**RECORDS TO PROCESS**
****************************************
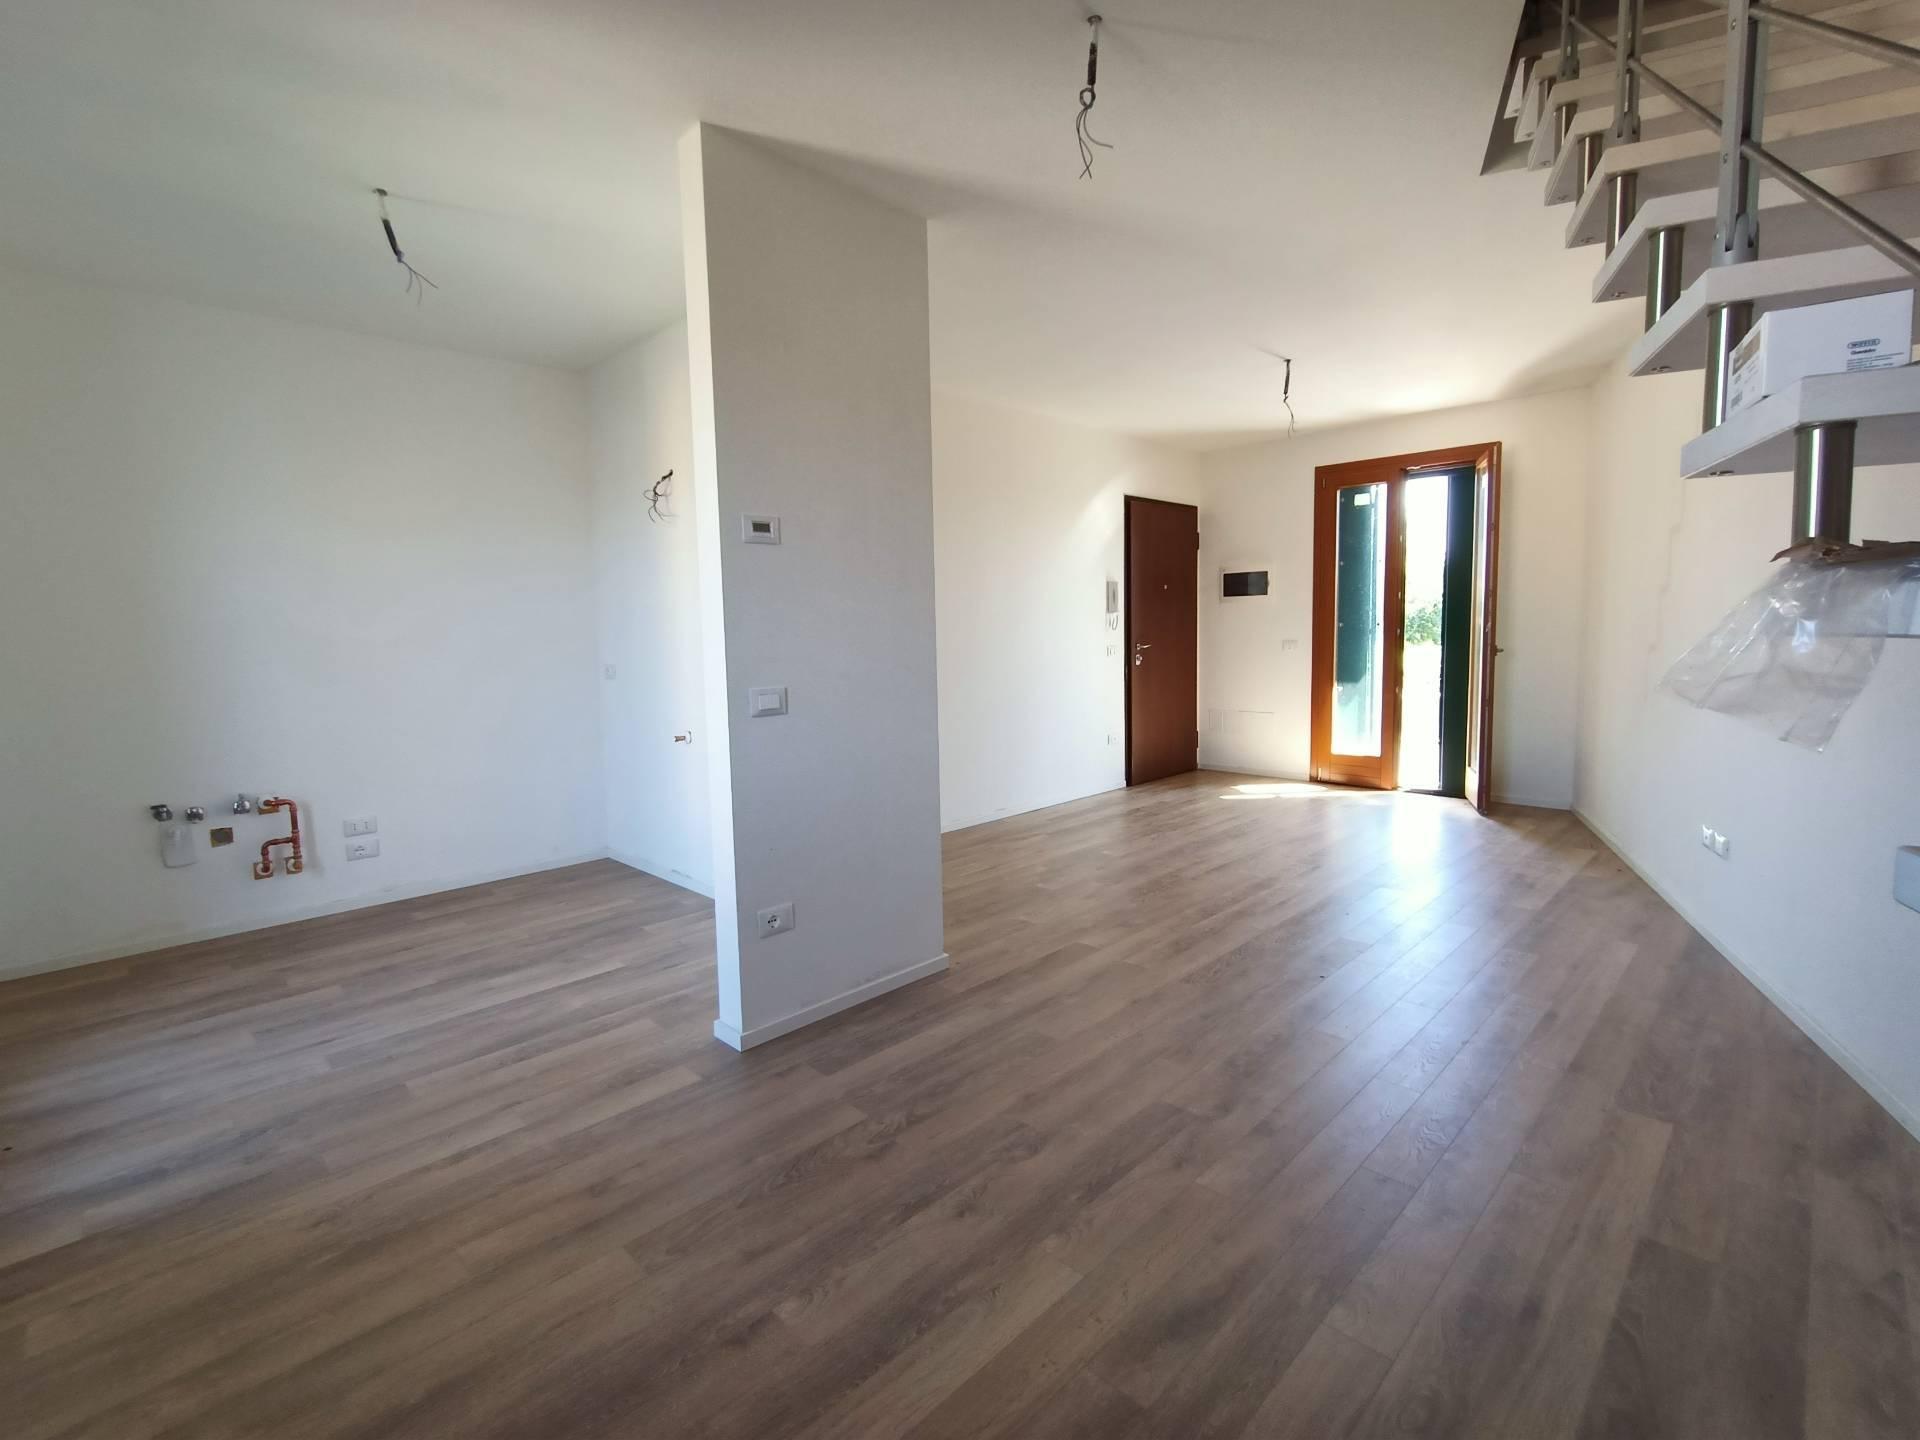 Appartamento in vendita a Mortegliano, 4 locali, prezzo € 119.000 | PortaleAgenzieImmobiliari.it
****************************************
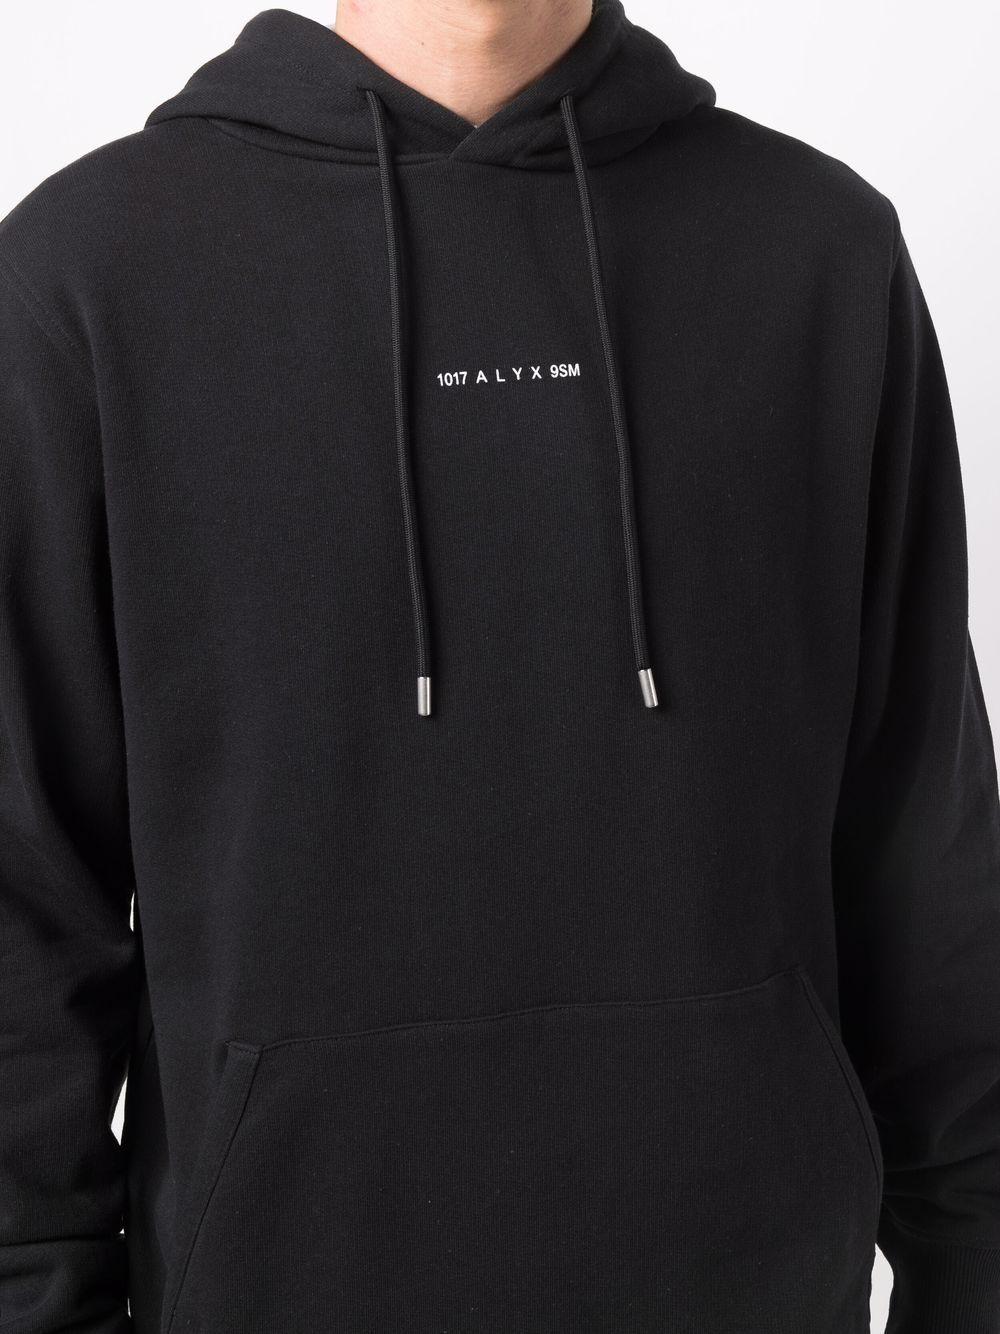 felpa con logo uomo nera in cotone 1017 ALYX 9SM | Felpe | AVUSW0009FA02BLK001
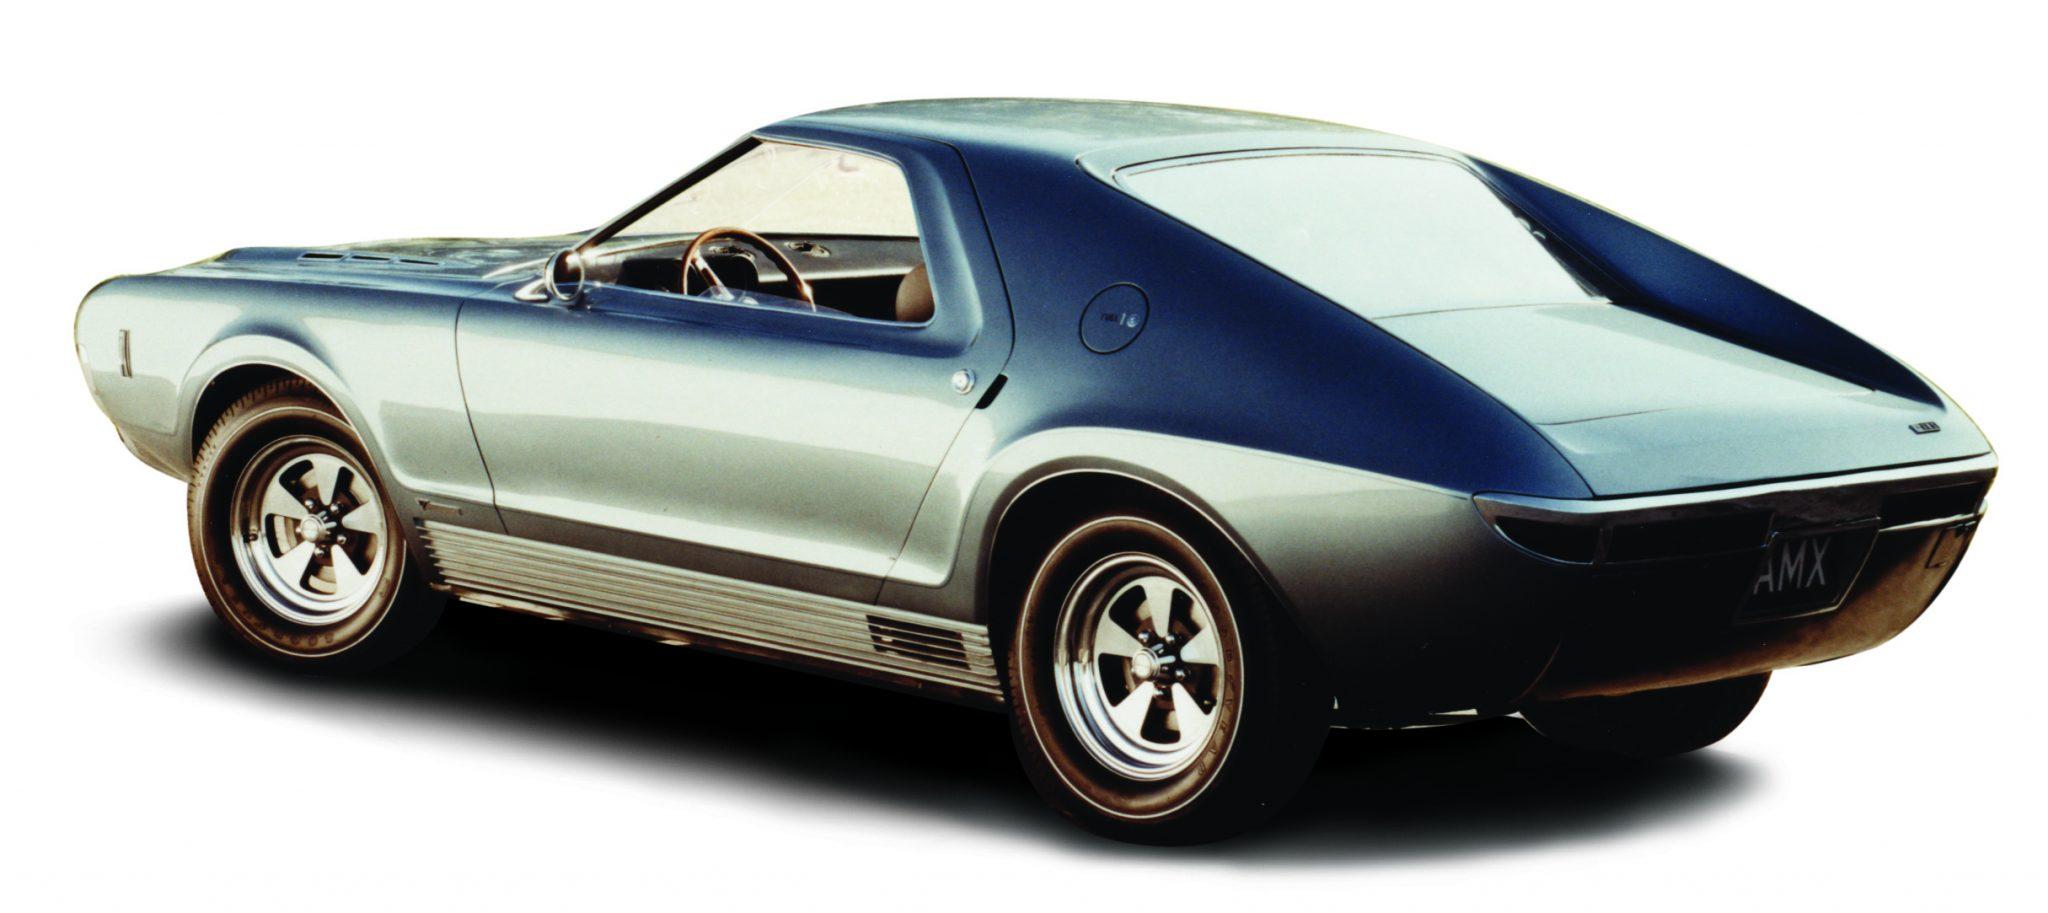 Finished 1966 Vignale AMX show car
****************************************
Your copy should hold only the lines above from the one containing "felpa con logo" through the one containing "Finished 1966 Vignale AMX show car", exactly as written and free of pictures.

 felpa con logo uomo nera in cotone 1017 ALYX 9SM | Felpe | AVUSW0009FA02BLK001
 Finished 1966 Vignale AMX show car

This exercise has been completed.